The county further concluded that the city's report "appears to cherry-pick the indicators that show lower property values in the Added Area in comparison of the rest of the City" and, on the count of over crowding, that the city's finding of 1.33 and 1.43 persons per room constitutes "overcrowding but not serious overcrowding, defined by the Census as 1.5 per room."

This month's exchanges between the city and the county has resulted in virtually no concessions or agreements, and all indications are that the Milpitas City Council will in fact give the amendments final approval.

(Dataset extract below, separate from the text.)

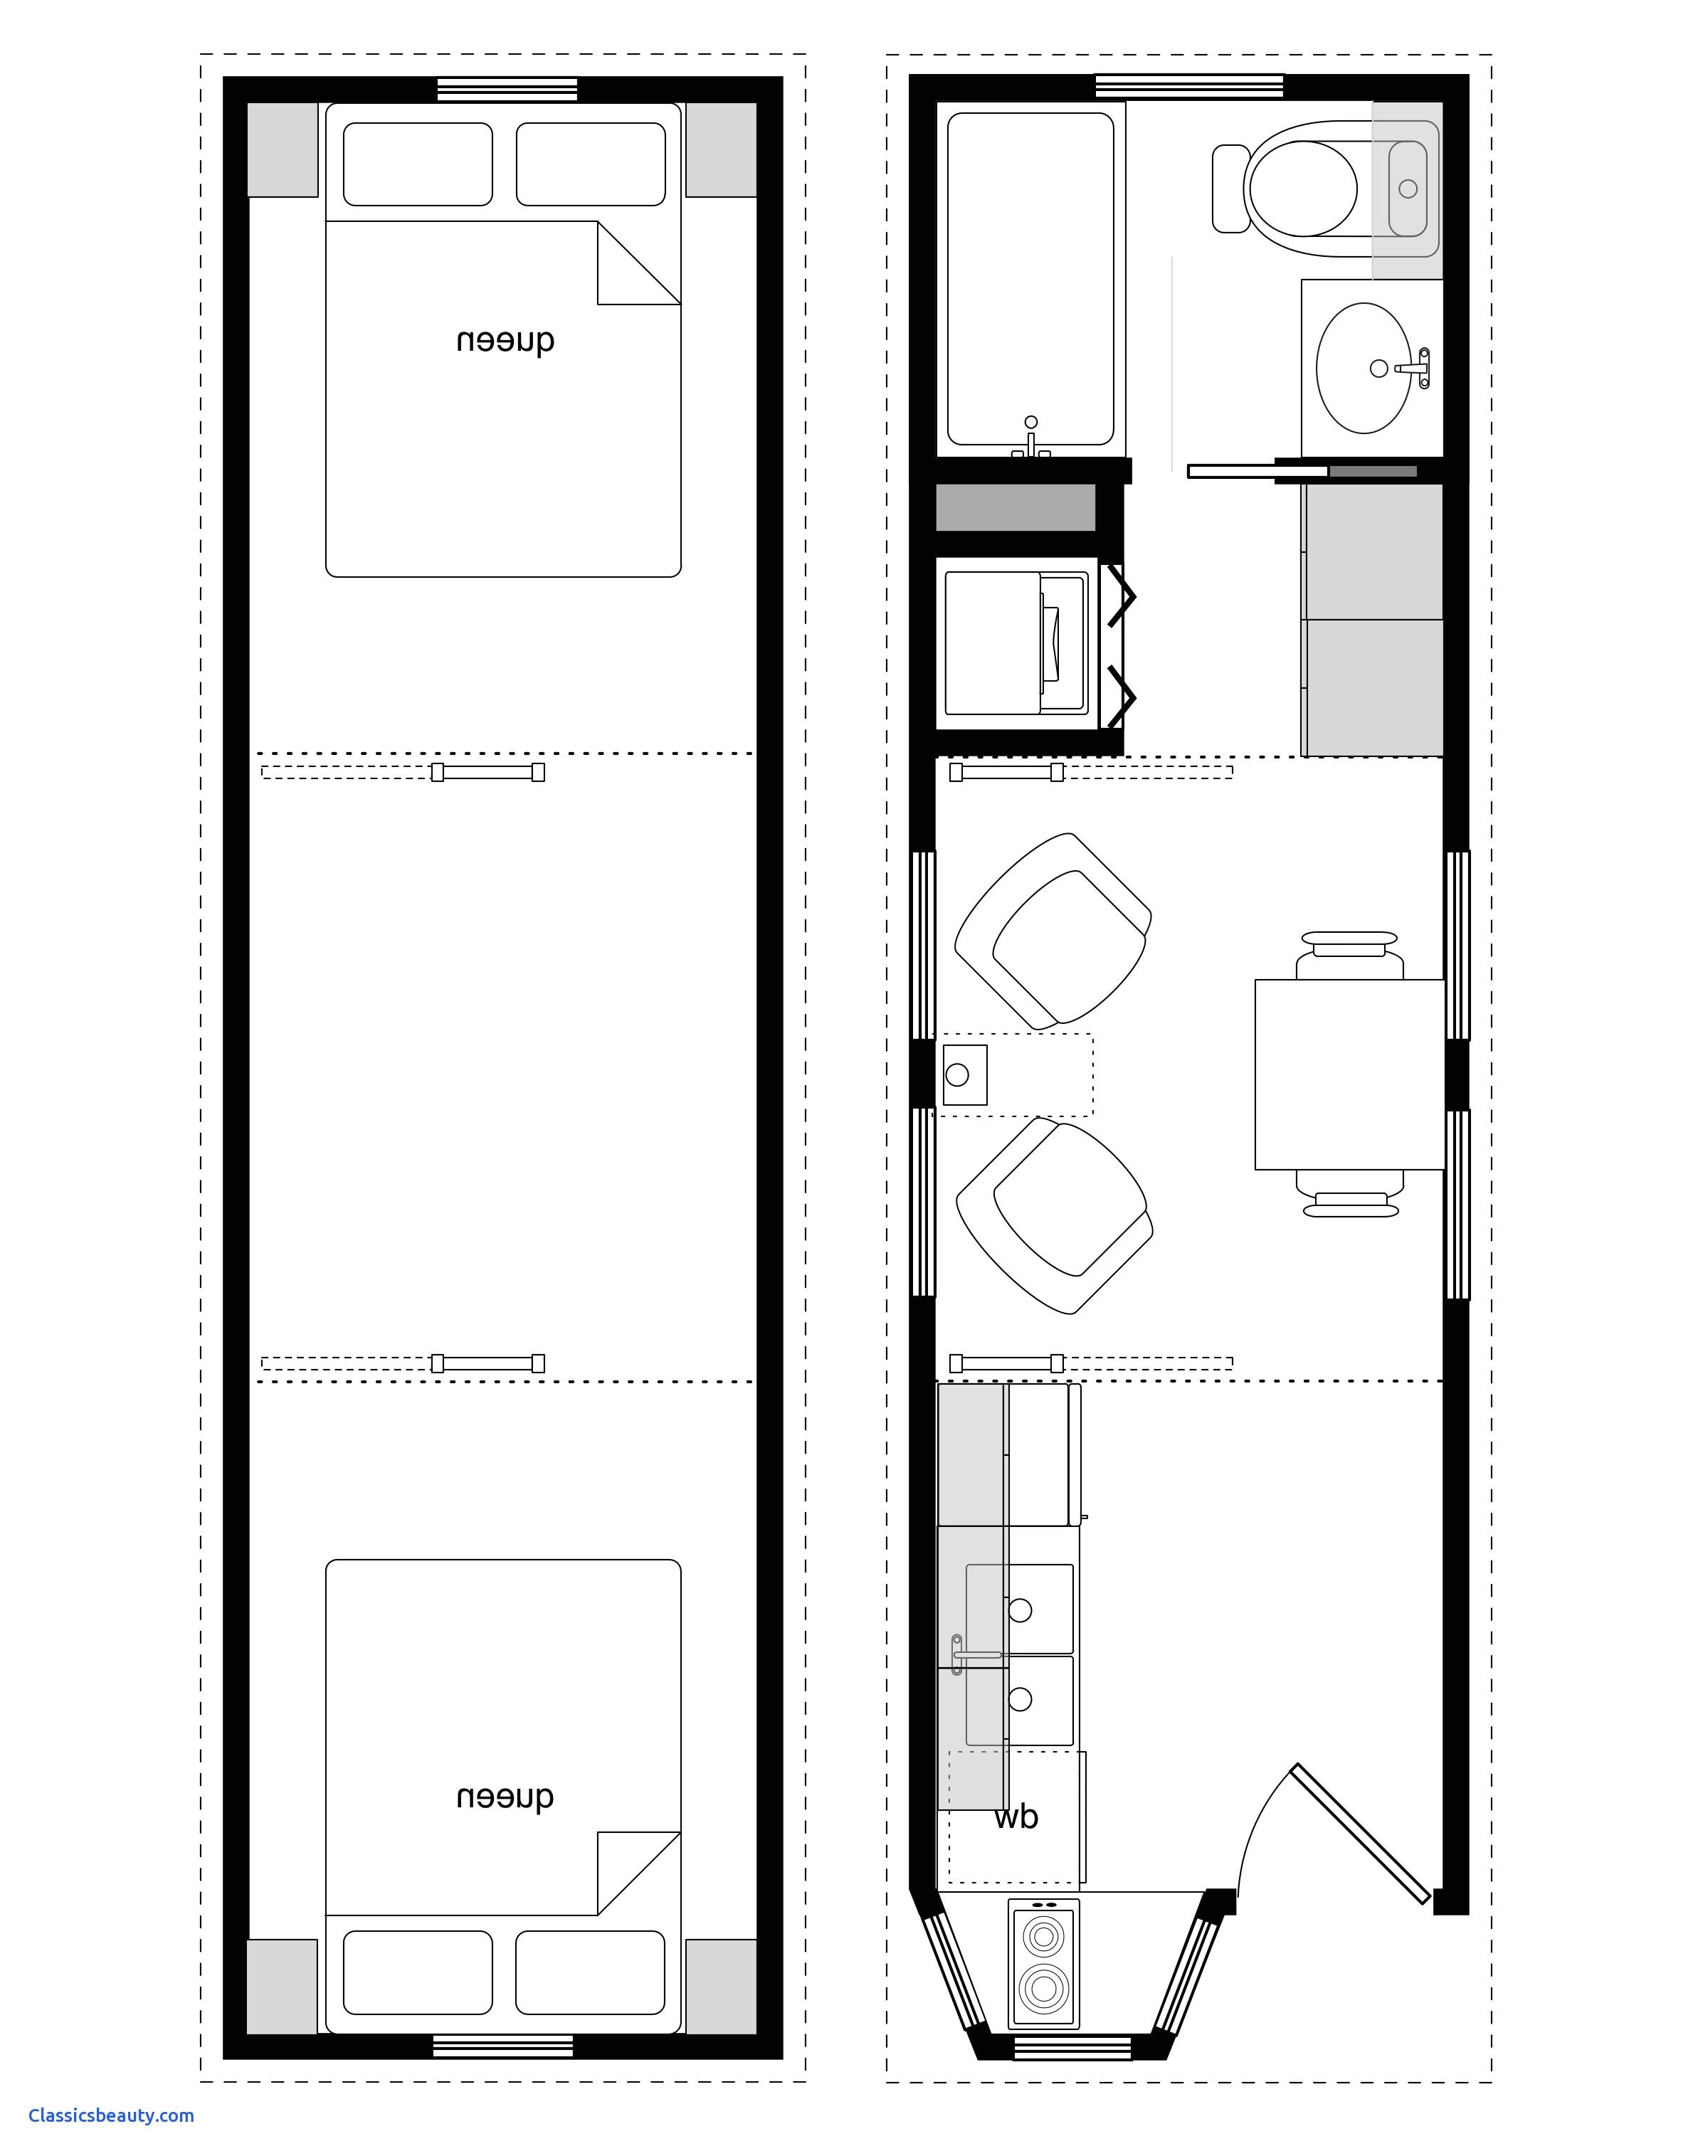 sample floor plan for small house

"It's passed through the City Council unanimously so far," said Livengood. "I see nothing that would prevent us from moving forward." If this impasse continues, and leads to the threat of legal action, it would not be unheard-of, especially in the absence of an official system of mediation when such disputes arise.

"You would hope the agency would spend time with county officials even before they start the process," said John Shirey, executive director of the California Redevelopment Association. "It is increasingly rare that there would actually be a lawsuit filed by the county. Typically these things do get worked out."

For now, the city is waiting for the county to be the one to budge.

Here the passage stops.